Drogue: des opérations à un rythme inédit en région parisienne suscitent des tensions...
© AFP | 18.06.10 | 13h50
Près de 1.200 opérations de police ont été menées depuis le début de l'année, au rythme inédit de huit par jour, à Paris et en proche banlieue, dans une "guerre aux trafiquants" qui suscite des tensions et dont l'effet est encore difficile à cerner.
La préfecture de police de Paris (PP), chargée de la sécurité du Grand Paris (la capitale et la petite couronne) depuis septembre 2009, a annoncé début juin avoir mené 1186 opérations dans le cadre d'un "plan de lutte contre les stupéfiants" affiché comme une "priorité".
Des sources policières ont indiqué que ce "rythme soutenu" et "jamais atteint" obéit "à une volonté politique". Il pourrait se traduire par des manifestations de violences s'il perdure, ont fait valoir des policiers du renseignement citant des tensions dans certains quartiers "orchestrées par les trafiquants".
"Il y a un seuil et un prix à payer", a surenchéri un policier. Animé par la police judiciaire parisienne, ce plan est "pragmatique" et a "déstabilisé" les trafiquants, a déclaré à l'AFP le directeur de la PJ, Christian Flaesch. Même s'il est "tôt pour en tirer des conclusions, nous sommes sur la bonne voie", estime-t-il.

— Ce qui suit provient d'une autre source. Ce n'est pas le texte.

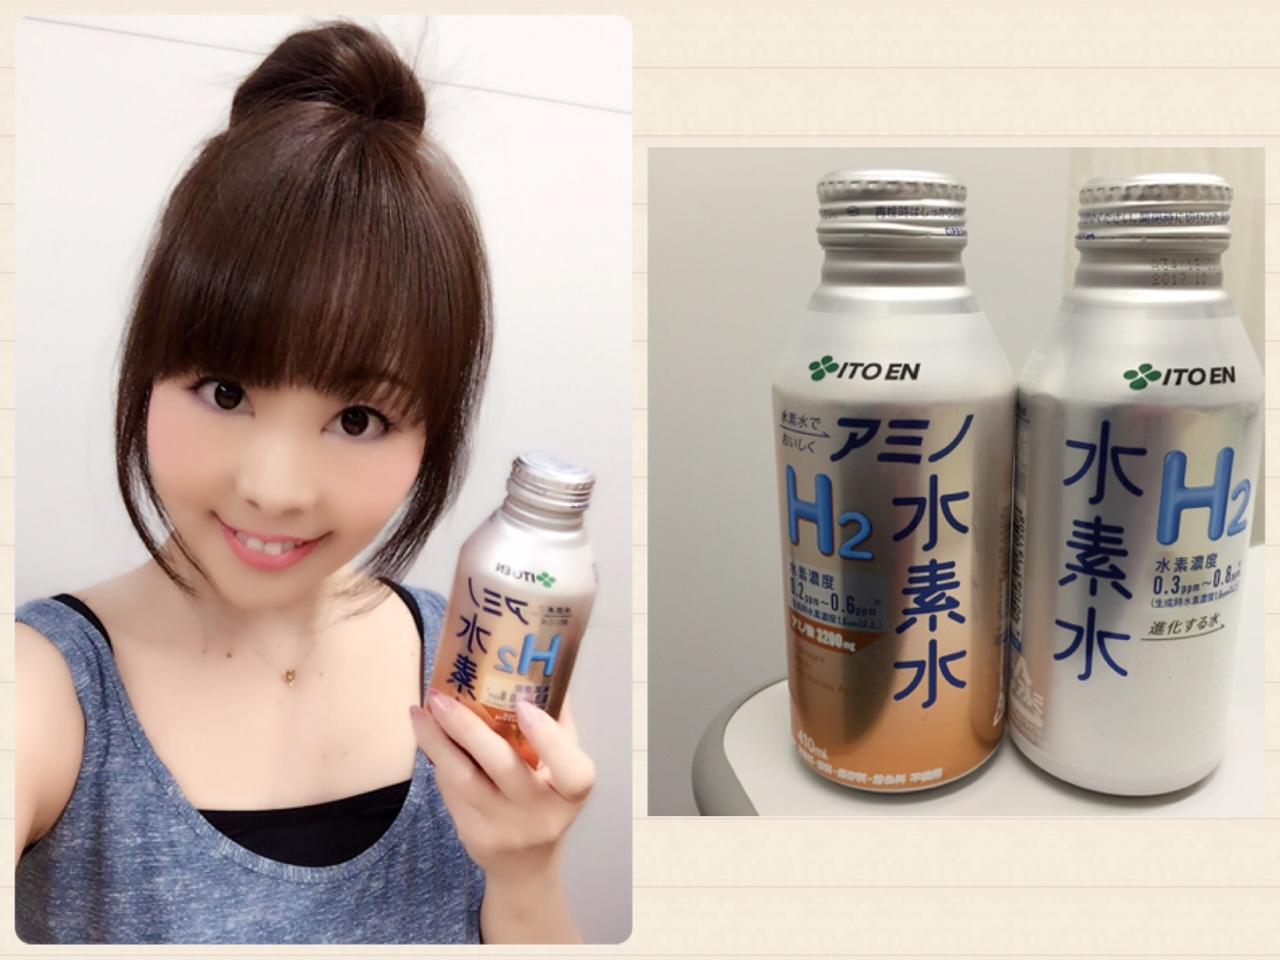 【体験レポ②】伊藤園H2水素水を2週間飲んで・・・嬉しい変化が♡

Le plan est né, selon lui, quand le préfet de police de Paris Michel Gaudin, un proche de Nicolas Sarkozy, en fonction depuis 2007, a relevé que les élus parisiens "ne lui parlaient que de drogue". Rassemblant l'ensemble de ses services, il a fait dresser la liste des points de fixation afin d'y harceler dealers et trafiquants, en misant sur les commissariats locaux. Des réunions ont lieu tous les mois et il est veillé à ce que les suspects arrêtés puis condamnés "exécutent leurs peines", selon M. Flaesch.
Le plan est ensuite étendu à la proche banlieue, relayé par les politiques, ministre de l'Intérieur en tête. Notamment à Tremblay-en-France, dans le "9-3", quand une vaste opération de drogue est lancée fin avril, le jour d'un reportage télévisé sur l'économie souterraine, déclenchant des violences. Un préfet de choc, Christian Lambert, envoyé en Seine-Saint-Denis par le chef de l'Etat, martèle le message: "la guerre est déclenchée contre les trafiquants, nous n'avons pas peur de nous faire caillasser".
Le plan, dit M. Flaesch, est un "travail en profondeur qui prend en compte le patrimoine des trafiquants". Preuve d'efficacité, selon lui : les guetteurs embauchés par les trafiquants "font monter les prix de leur rémunérations" car "c'est plus dangereux". Selon d'autres sources policières, le prix de la drogue a augmenté et des points de fixation ont disparu, notamment dans la capitale, "dérangeant les habitudes des clients". Sur le terrain, les réactions sont nuancées. Une source policière, dans les Hauts-de-Seine, indique que ces opérations "génèrent beaucoup de désordre" car "dans certaines cités le trafic de stupéfiants représente une véritable économie". "Les habitants nous remercient" mais "assécher complètement un deal est compliqué", selon cette source. "Ce qu'il faut, quand une opération anti-drogue a lieu, c'est rester présent sur le terrain. Il faut éteindre l'incendie, mais aussi les petites flammèches".
Un responsable associatif de Nanterre déplore la "médiatisation" de ces opérations "peu efficaces". Malgré un récent coup de filet, "le trafic continue", dit-il sous couvert de l'anonymat. "On voit cette activité policière mais cela ne change pas grand-chose", renchérit Stéphane Gatignon, maire (Verts) de Sevran, un des points noirs du trafic de drogue dans le 93. "Des groupes peuvent être déstabilisés mais globalement le trafic ne l'est pas" et, dit-il, il peut "y avoir des tensions" en raison de l'argent brassé.